E essa paixão, que nos toma, pelos escritos de Clarice, impulsiona-nos a vontade de dividir, de ver mais e mais pessoas achando seu eu perdido na rotina e no cotidiano.
Nesse sentido a Editora Rocco foi muito feliz publicando Clarice na cabeceira livro no qual leitores famosos escolhem seus contos preferidos e comentam-nos. Não bastasse isso, a editora doou uma coleção completa de Clarice Lispector para cada uma das bibliotecas indicadas pelos leitores convidados.
Então, com o desejo de vê-los apaixonados pela Clarice, transcreveremos a introdução do livro e os comentários de leitores, famosos, sobre seus contos selecionados.
Apresentamos-lhes “Clarice na cabeceira”
Introdução
Clarice na cabeceira é uma seleção afetiva de 22 contos de Clarice Lispector feita por leitores que se dedicam a criar “instantes de beleza” em seus trabalhos: são escritores, atrizes, cineastras, cantoras, críticos literários e jornalistas.

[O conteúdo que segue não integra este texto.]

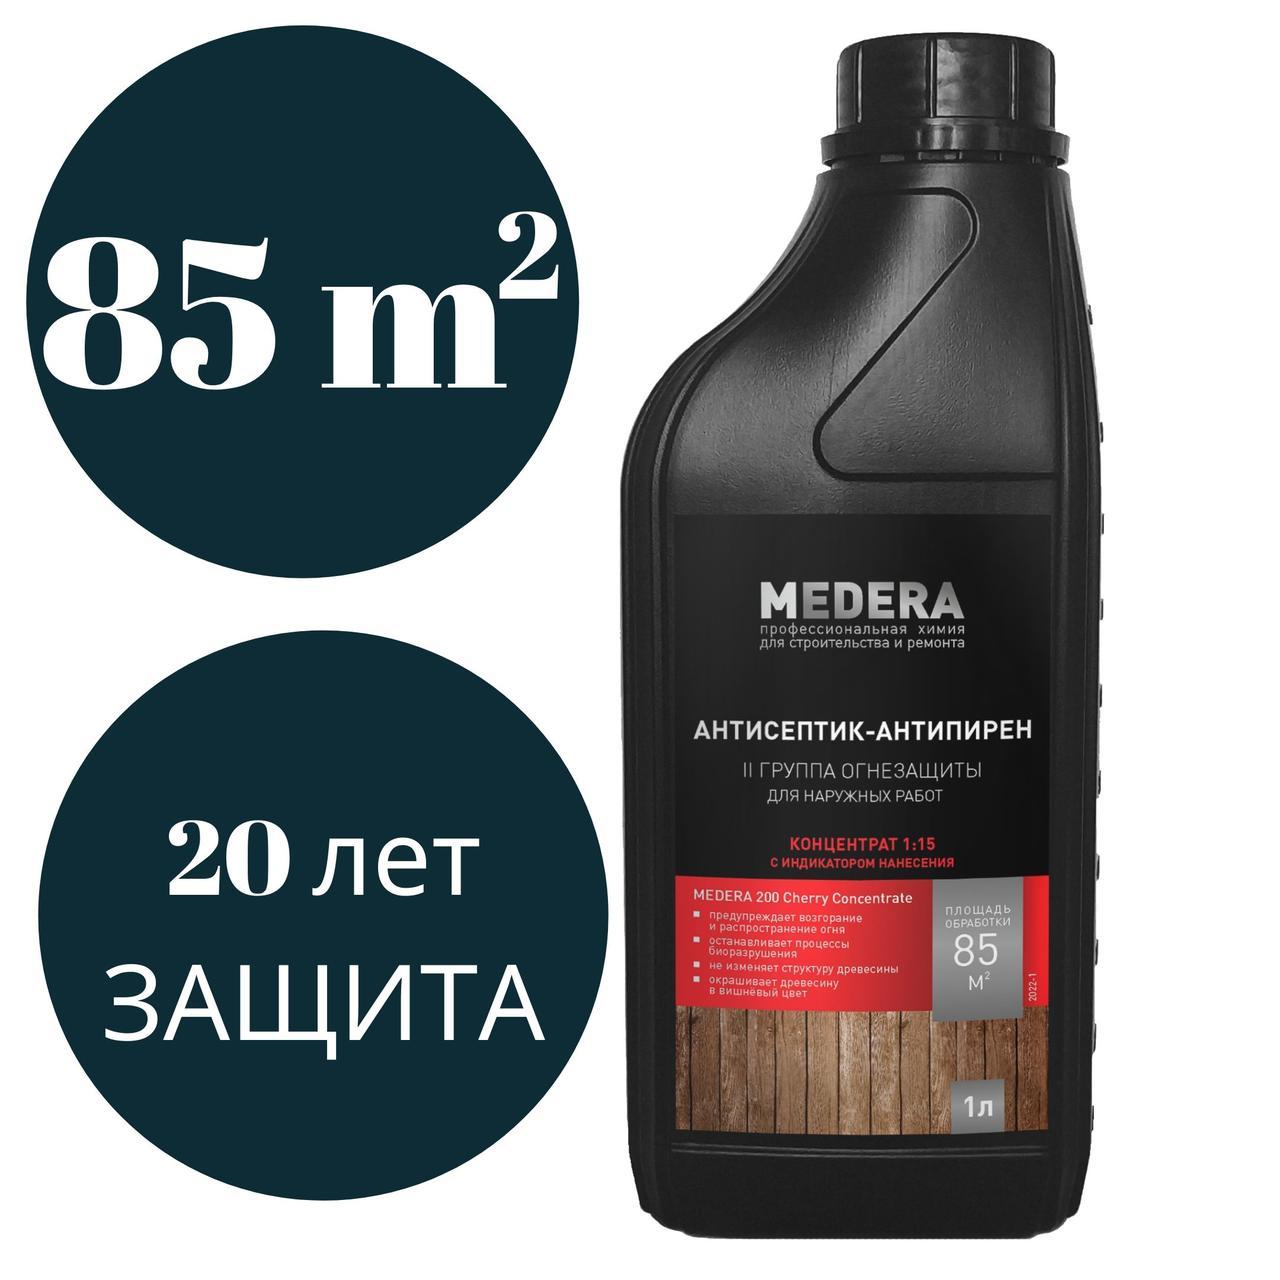 Огнебиозащита пропитка для древесины  II гр. 2022-1 MEDERA 200 - Cherry Concentrate 1:15  1 л. (85 м2)

A frase de Guimarães Rosa ecoa no texto que cada leitor convidado escreveu: “Clarice, eu não leio você para a literatura, mas para a vida”. Esta frase tocou tanto a escritora a ponto de ela registrá-la numa crônica em sua coluna no Jornal do Brasil.
Clarice Lispector sempre declarou seu amor por aqueles que tinham paciência de esperá-la através da palavra escrita. Ainda em vida, ela recebeu o carinho dos leitores sob diversas formas. Mas quem é esse personagem chamado leitor? Clarice respondeu: “O personagem leitor é um personagem curioso, estranho. Ao mesmo tempo que inteiramente individual e com reações próprias, é tão terrivelmente ligado ao escritor que na verdade ele, o leitor, é o escritor”.
Desde que Clarice Lispector nos deixou, novas formas de declarar seu amor por ela e por sua obra foram encontradas. Uma legião de fãs cresce a cada ano, são principalmente jovens que fazem de Clarice o seu livro de cabeceira e gostam de registrar essa paixão nos seus diários virtuais na internet. Os números impressionam: no Google há mais de um milhão de entradas para Lispector no mundo todo e cerca de 900 mil em português, 642 mil referências para blogs e 57 mil para fotologs. No Orkut são 150 comunidades associadas ao seu nome, num total de 260 mil pessoas. Alguns títulos dessas comunidades retratam como os leitores se sentem diante da obra de Clarice: “Eu amo Clarice Lispector”, “Clarice Lispector me lê”, “Clarice Lispector fala por mim”, “Clarice Lispector me entende”.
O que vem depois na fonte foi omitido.